Hacker News new | past | comments | ask | show | jobs | submit login
Show HN: Detect if an audio file was generated by NotebookLM (github.com/listennotes)
97 points by wenbin 65 days ago | hide | past | favorite | 40 comments



I thought it was already encoded with SynthID? could that not be used to detect it?


As far as I know, there's no available tooling for the public to detect SynthID watermarks on generated text, image, or audio, outside of Google Search's About this Image feature.


Remember that podcast of two AI learning that they were AI? If anyone has used a tool like this to determine if that was actually made by NotebookLM, say so. There's been a lot of incredulity both ways.


They did not learn anything. Their engines started outputting different statistically probable output based on changed input parameters.


On one extreme we anthropomorphize our current primitive generation of language models and concede them way more intelligence than they have likely because we're biased to do so since they speak "well".

On the other extreme we tend to give our human-exceptionalism way too much weight and contrast its behaviour with "mere statistical parrot rumination" as if our brains deep down were not just a much (much) more sophisticated machine, but nevertheless a machine.


> as if our brains deep down were not just a much (much) more sophisticated machine, but nevertheless a machine.

That is one position, but materialism is not universally taken as a foregone conclusion.


As a materialist, I have to give this one to the dualists. The argument that AI isn’t intelligent because it’s just a bunch of numbers makes more sense coming from that perspective.


Fair enough. That got me thinking:

I guess the dualistic viewpoint can be graded on a spectrum.

Some people may hold the "absolute dualist" position, where no matter how much advances we make in reproducing cognitive abilities, they will always move the goalpost and claim that what makes _us_ different is that little extra bit that hasn't been reached yet. This leads to accepting the p-zombies as a logical possibility.

On the other side of the spectrum is the "Bayesian dualist" who could in principle change their minds but are not at all convinced that a naturalistic and mechanistic implementation of the brain can possibly explain the utter complexity and beauty of the human condition and thus are unmoved by the crude first steps in that field.

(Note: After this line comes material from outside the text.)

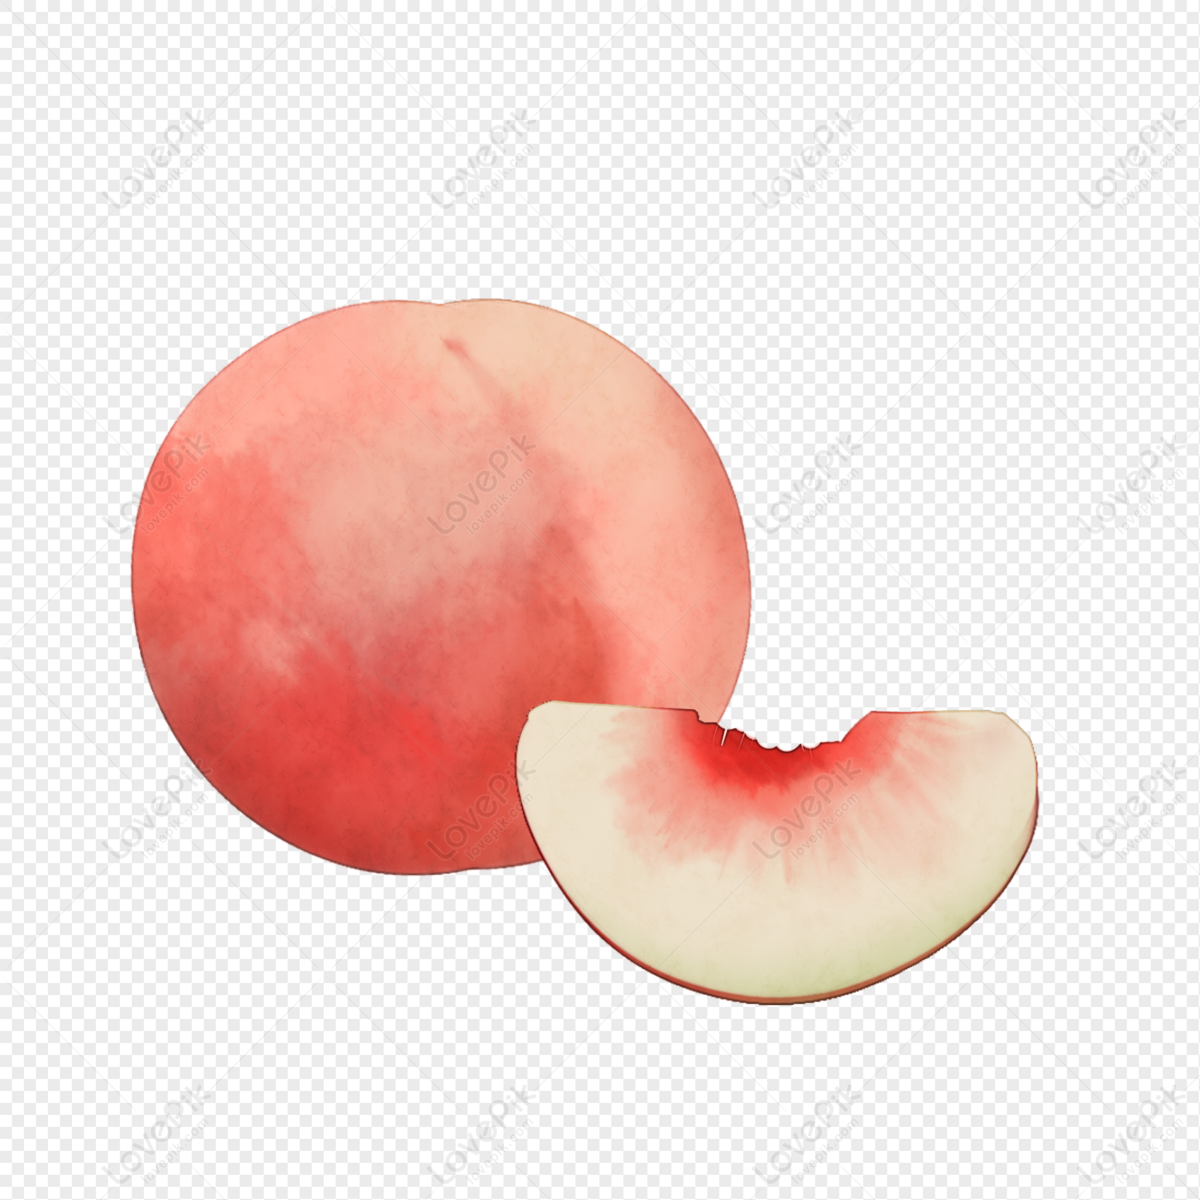 Cartoon Peach Images, HD Pictures For Free Vectors Download

This category would consider a p-zombie to not be logically coherent but they may just state that in practice we stand no chance in producing a mechanism that would truly behave not even close to a human being.

Those people may contemplate a possibility that we may eventually explain how cognitive behaviour arises from nature but lean towards the necessity of discovering some brand new science or some quantum effects to account for the mysterious beauty of the human condition (e.g. Penrose)

Does this categorization make sense? Are there some other points in that spectrum I'm missing?


I think I’m bad at categorizing different strains of dualism because I tend to dismiss the whole enterprise without giving a fair amount of consideration.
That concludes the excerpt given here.